ABOUT THIS EXERCISE> Only the pictures are dropped. Restate each line below word for word.

RECORDED INFORMATION>
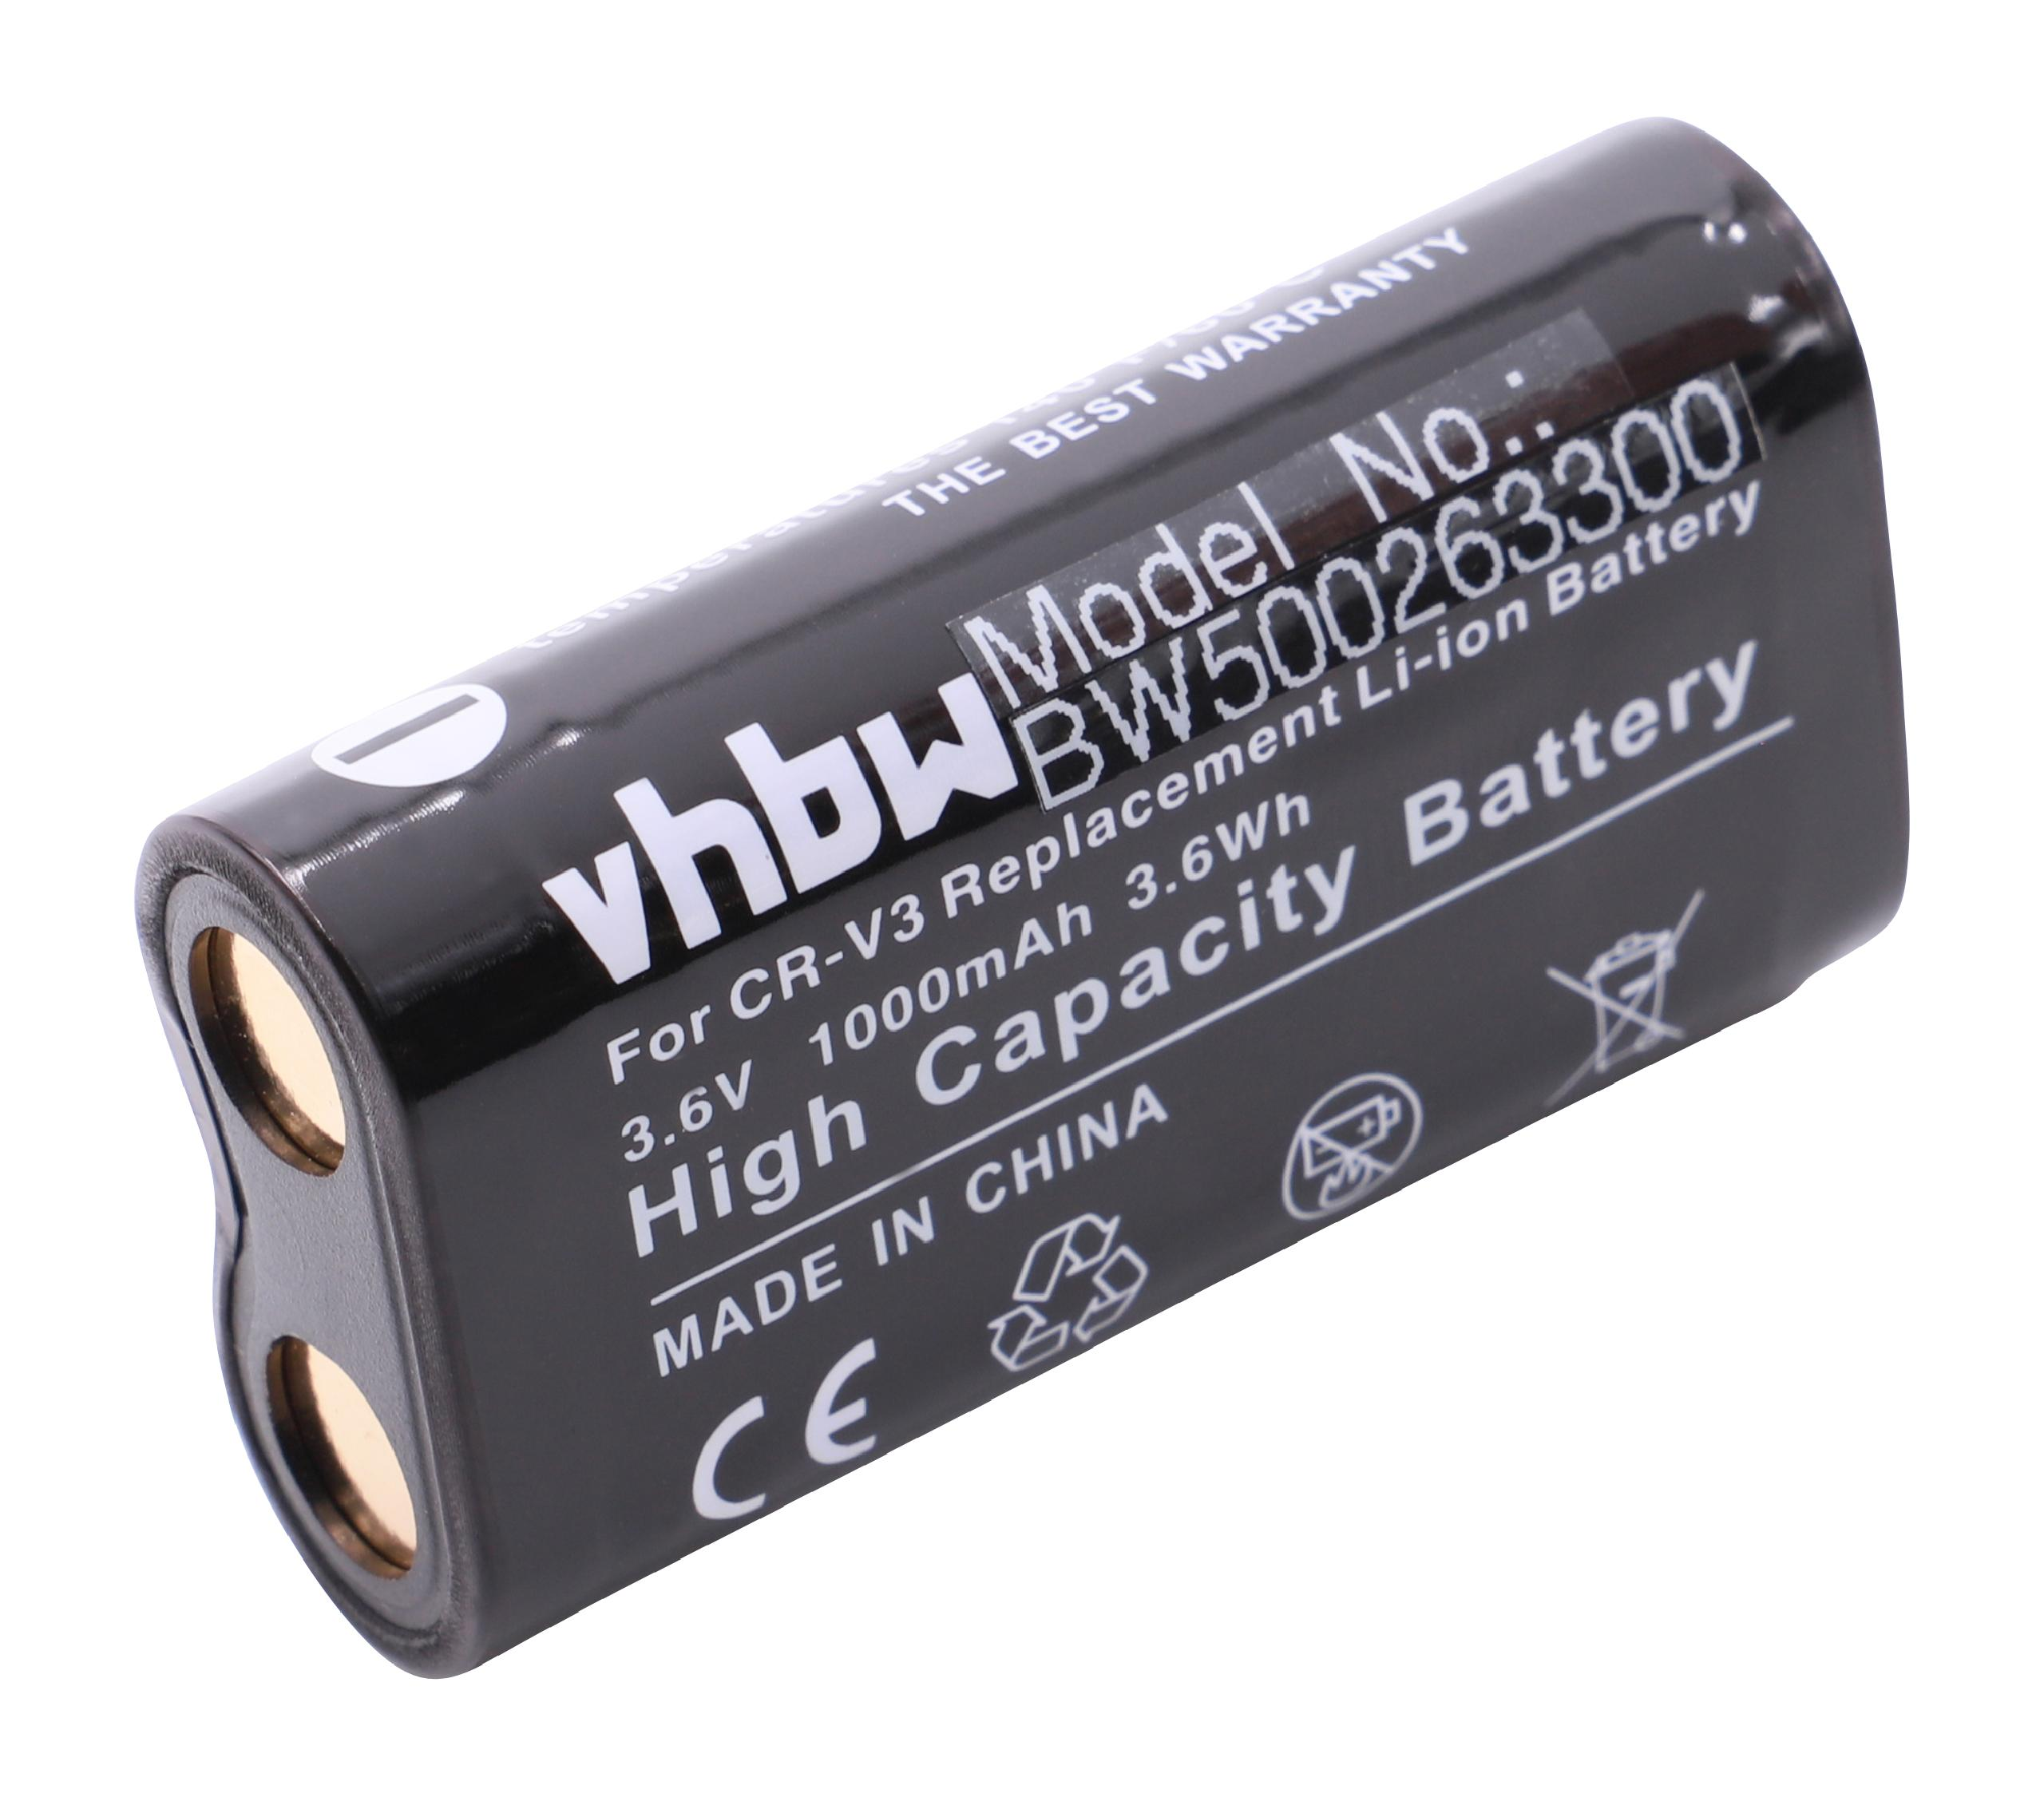 VHBW kompatibel mit Epson 800 Kamera, 900z, 700, Volt, - Akku 850z, 750z, 3.6 Li-Ion 1000 2100z, 3100z, 3000z
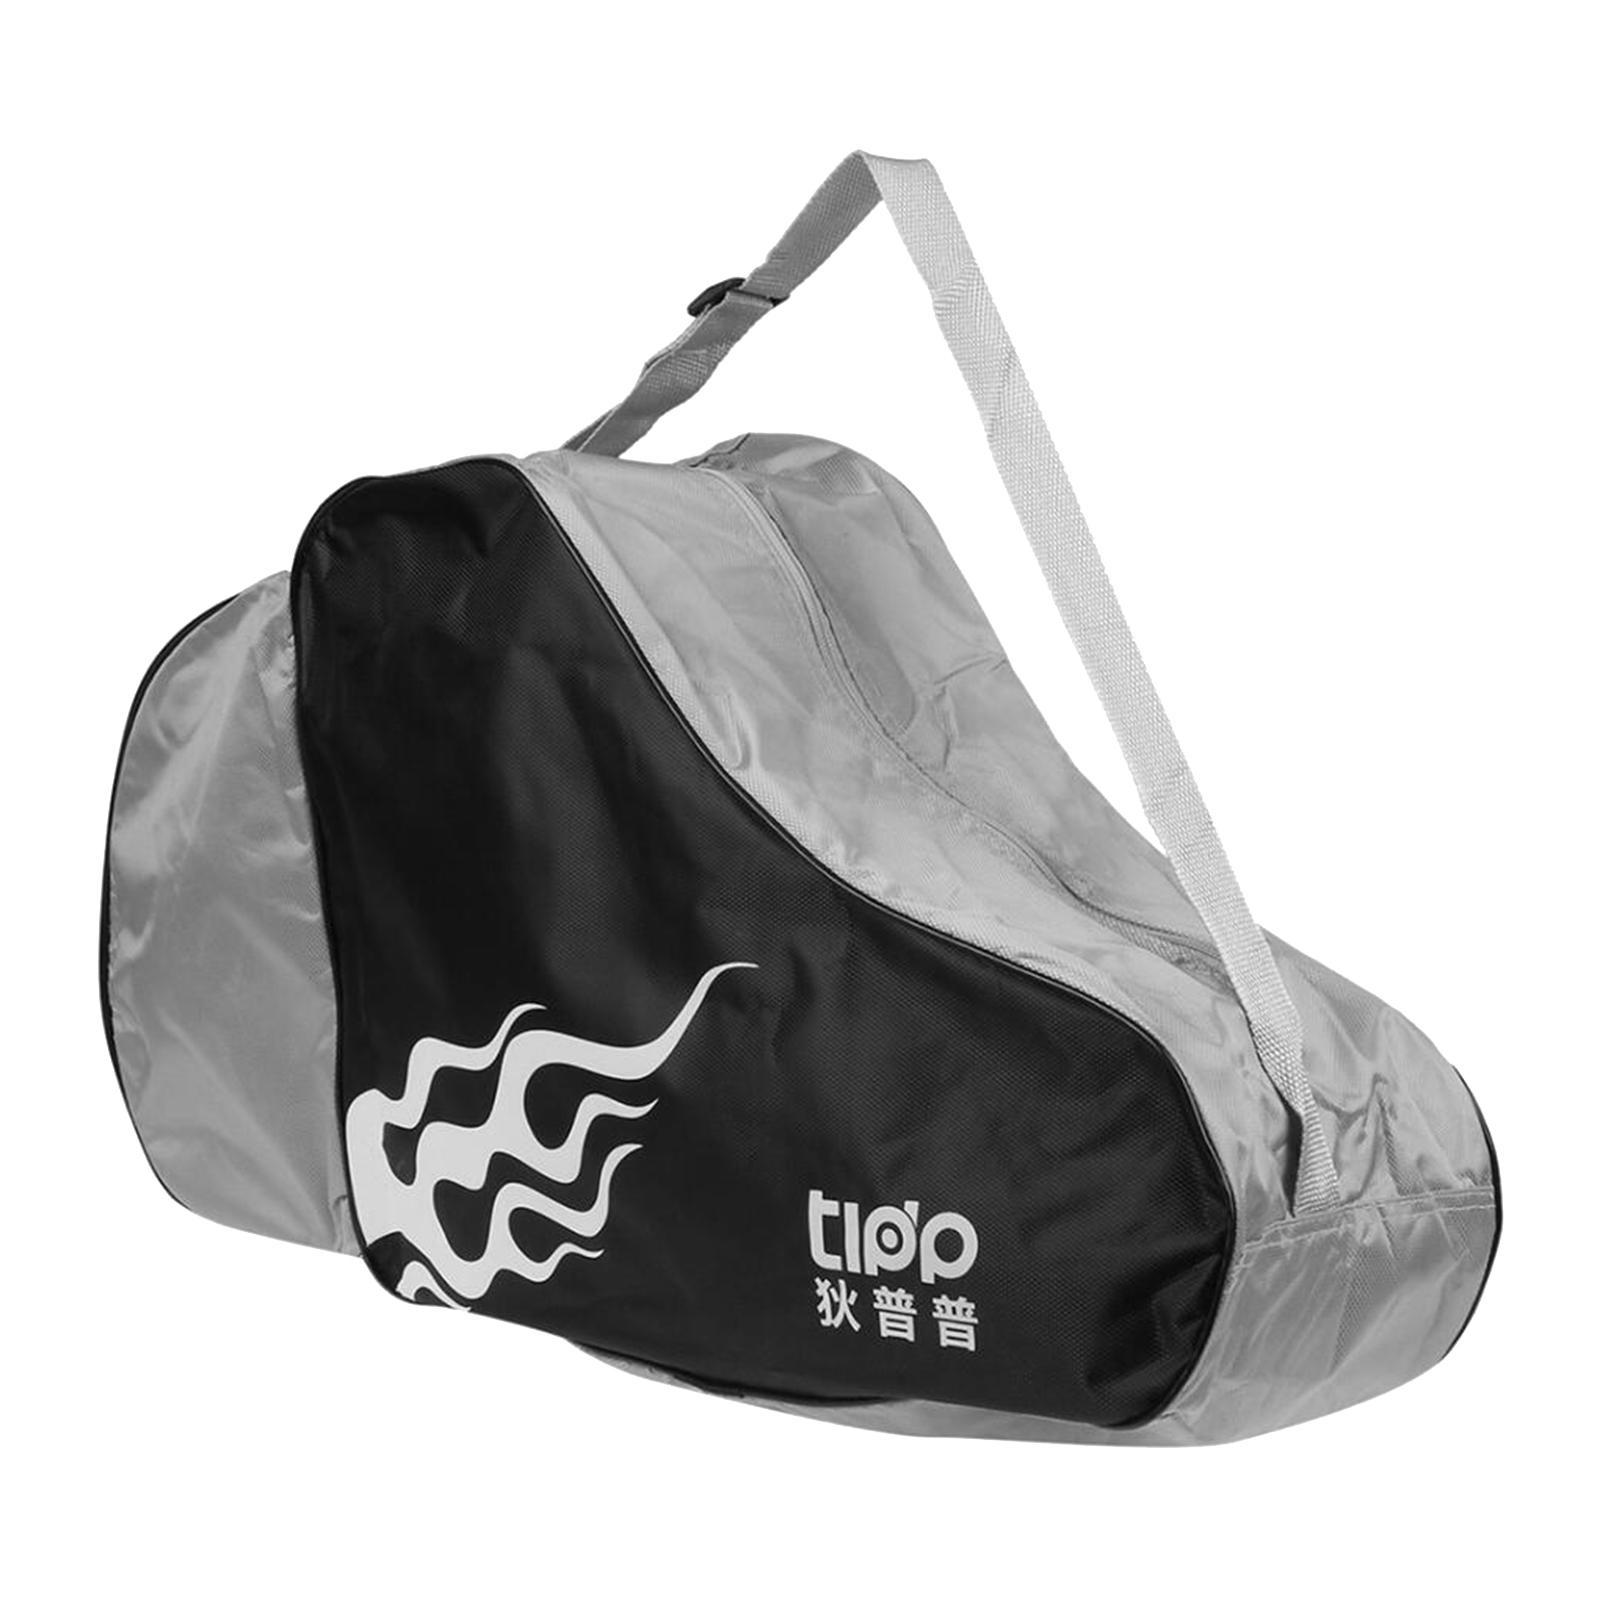 Roller Skating Boots Bag Oxford Cloth Waterproof Handbag Backpack Black
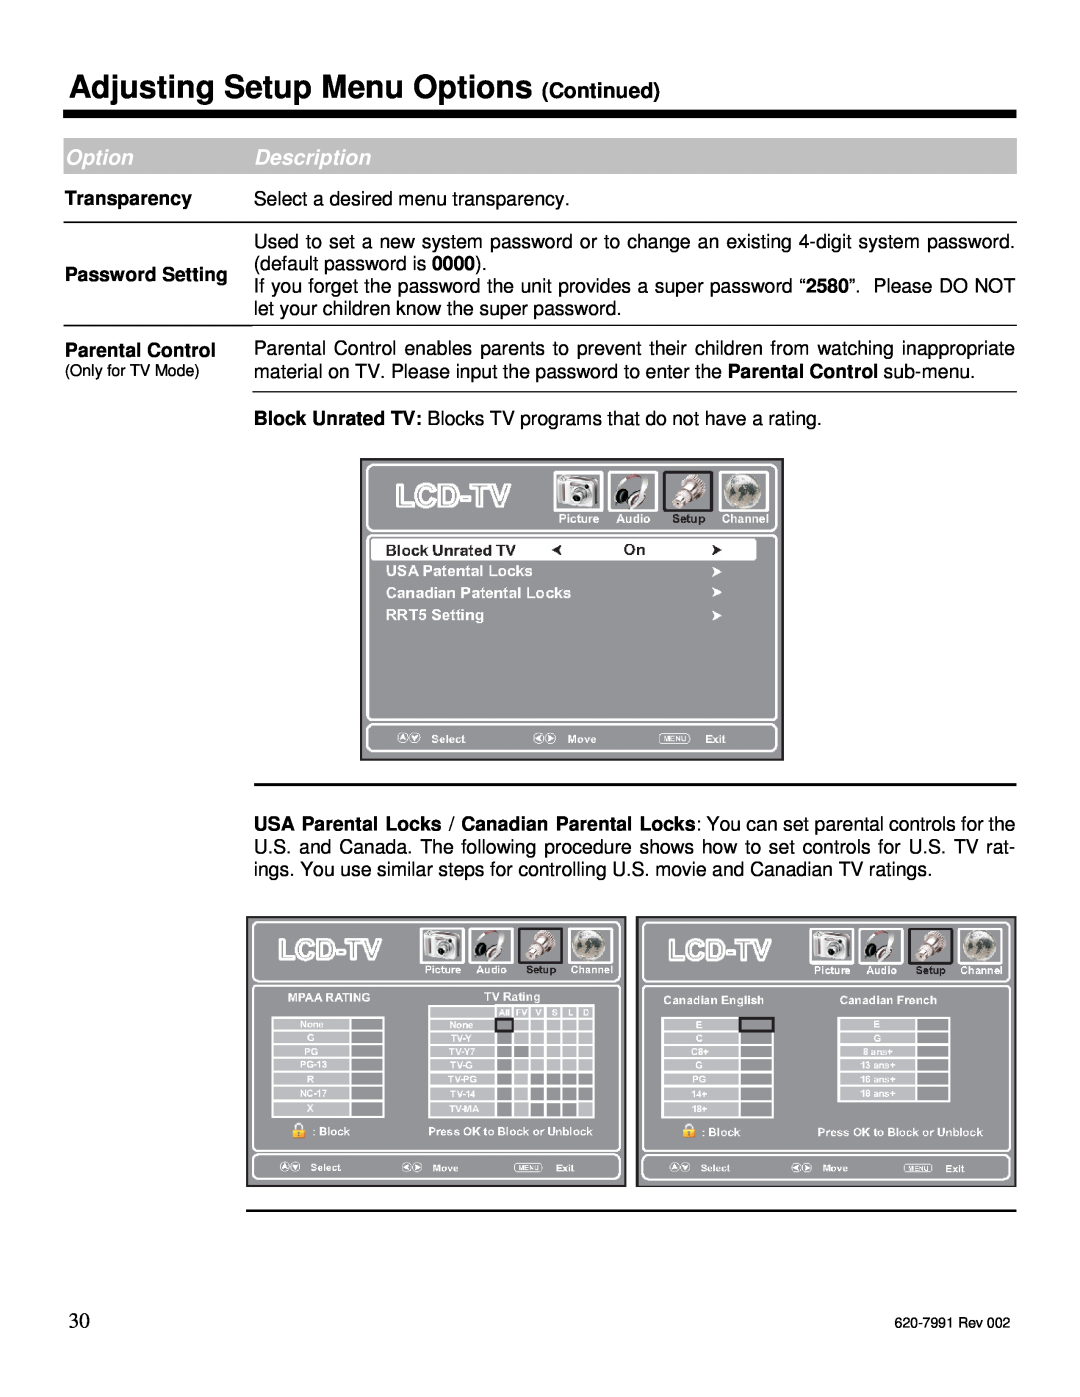 Star Trac E-STi Adjusting Setup Menu Options Continued, Description, Transparency, Password Setting, Parental Control

PROBLEM SOLUTION>
 VHBW kompatibel mit Epson 800 Kamera, 900z, 700, Volt, - Akku 850z, 750z, 3.6 Li-Ion 1000 2100z, 3100z, 3000z
 Roller Skating Boots Bag Oxford Cloth Waterproof Handbag Backpack Black
 Star Trac E-STi Adjusting Setup Menu Options Continued, Description, Transparency, Password Setting, Parental Control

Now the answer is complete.